He flew me from Minnesota to Seattle and within three days, he had me doing forced labor using tactics of love bombing, trauma-bonding, [and] abusive language."

These words were part of Pearl’s July 2017 plea to an Eighth Judicial District Court hearing master in Clark County, Nevada, to approve her protection order against Raz Simone.

An aspiring graphic artist in Minnesota, Pearl met Simone a year and a half before.

A friend shared Simone’s music with her, and she followed him on social media. At the time, she was involved with the local hip-hop scene in the Twin Cities, and did graphic design for album covers and music posters.

Online, Simone posted about a trip to Minneapolis. Pearl reached out, and offered to connect him with other artists in the Twin Cities area.

When they met up, Pearl said Simone said she should make art for his record label, Black Umbrella, in Seattle. After his daily messages, and a promise to pay her 10 times her current wage, she agreed.

When she arrived, Simone took her to a studio apartment in West Seattle. There, he directed her to a loft bed, pulled a gun from his waistband, and placed it next to her head as “he had sex with her,” according to the lawsuit. He bit her chest, it says, leaving bruises.

Hours later, he told Pearl to pack her things, that he had a flight out to Belize — to hurry and not ask questions, the lawsuit says. He told her to get into his white Tesla, and not say anything to the other passenger.

They drove to Portland, Oregon, and Simone checked her into a hotel room at the Eastside Lodge, according to the lawsuit. She would not be joining him in Belize.

“What am I going to be doing?
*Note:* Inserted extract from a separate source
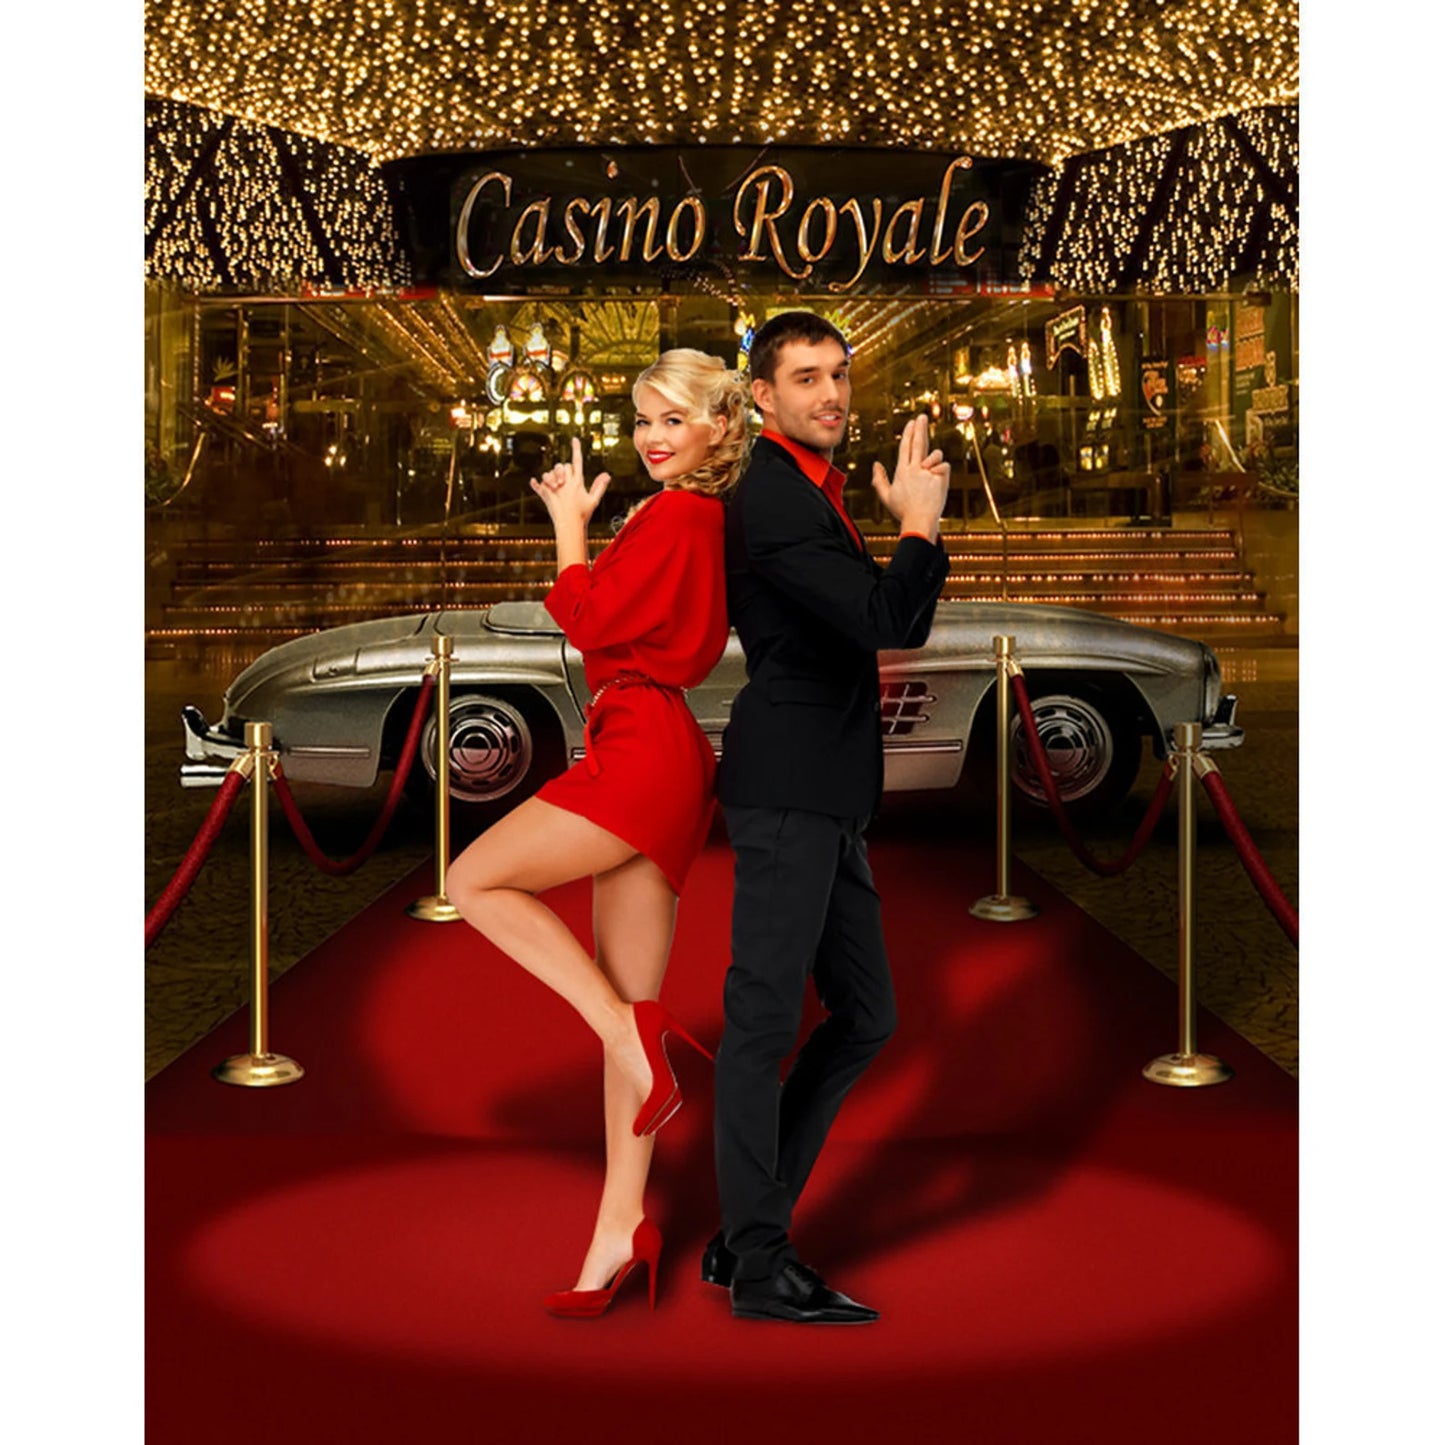 Casino Royale 007, James Bond Photo Backdrop
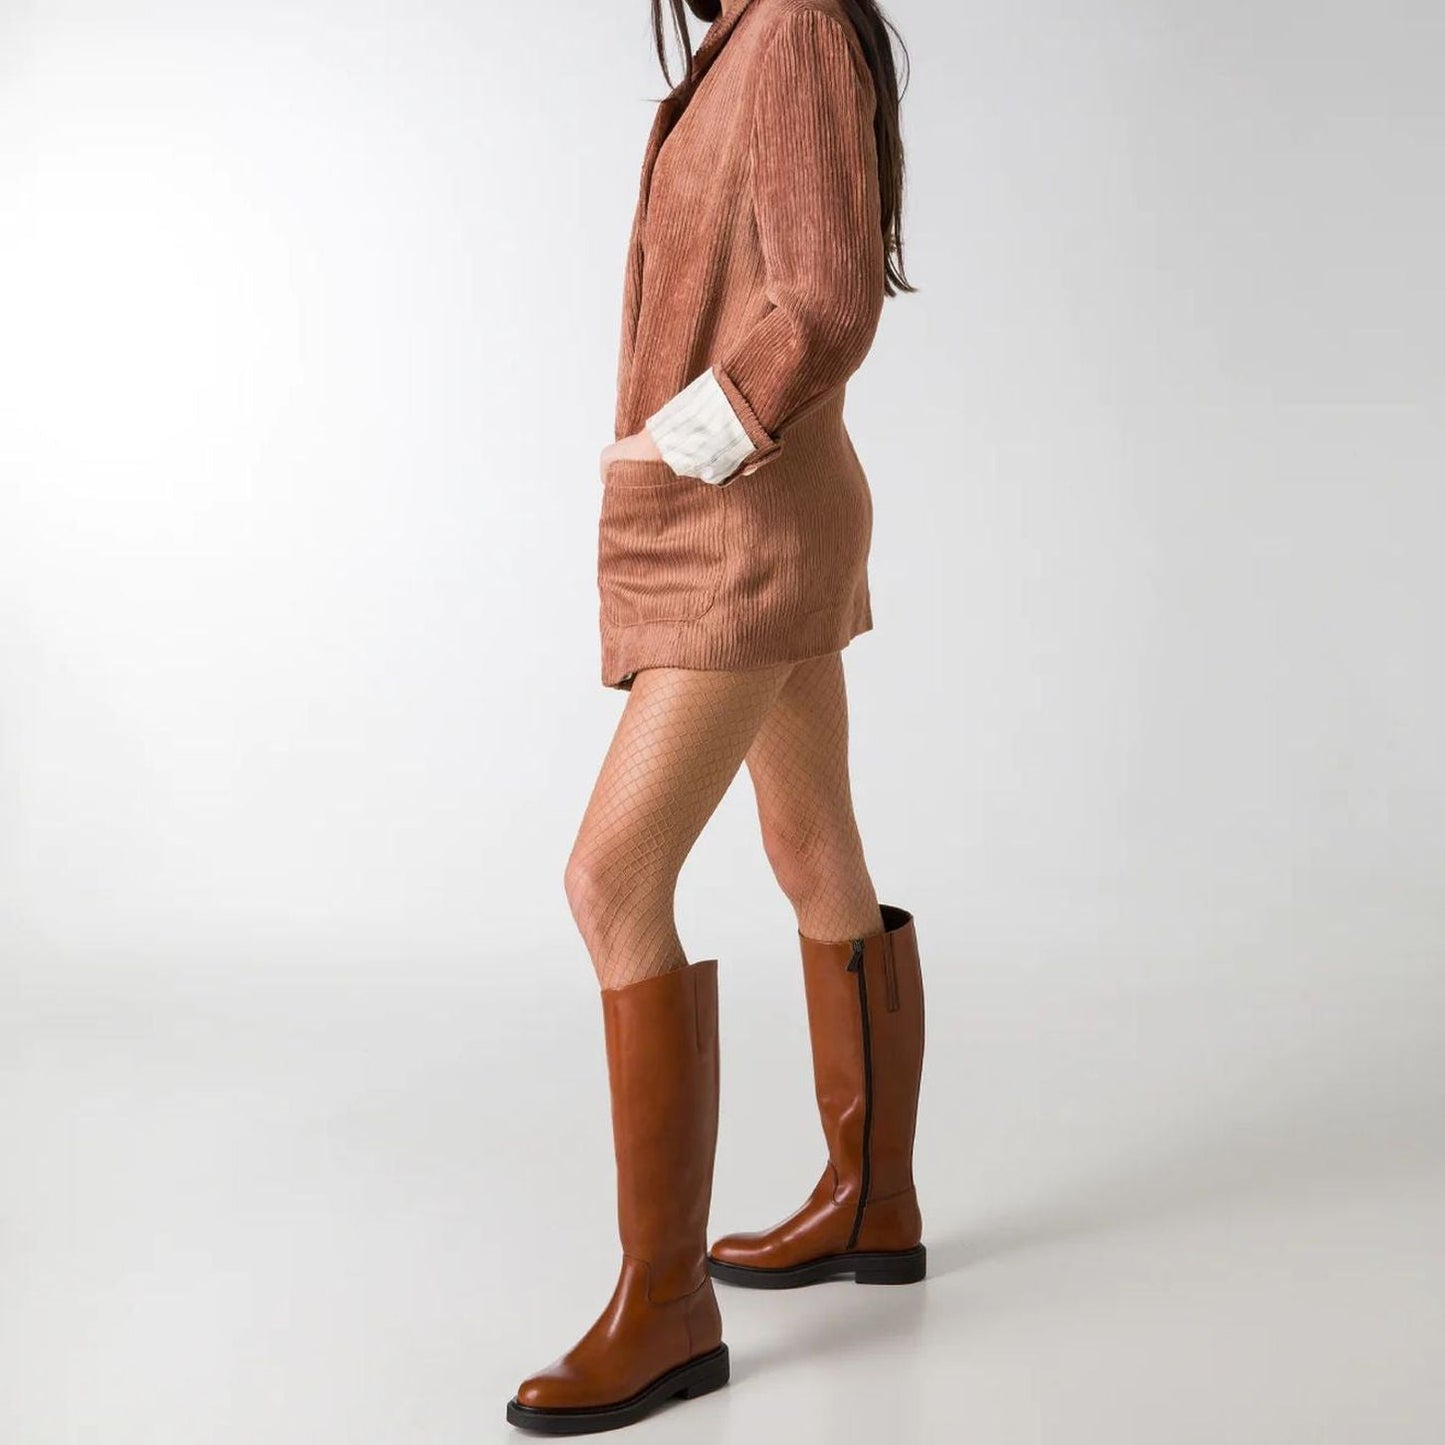 CARMENS moteriški rudi ilgaauliai Brook boots

How long are you going to be gone?” Pearl said she asked Simone.

“I'm gonna be gone for two weeks, but tonight, you're going to go across the street and go audition at [the strip club]” Simone said, according to Pearl.

When she realized he was serious, she said she began to cry.

“I told him I've never even pictured myself doing that before,” Pearl told KUOW. “It's not something I want to do, and all of a sudden, he's telling me, ‘No, you have to go.’ And I got scared.”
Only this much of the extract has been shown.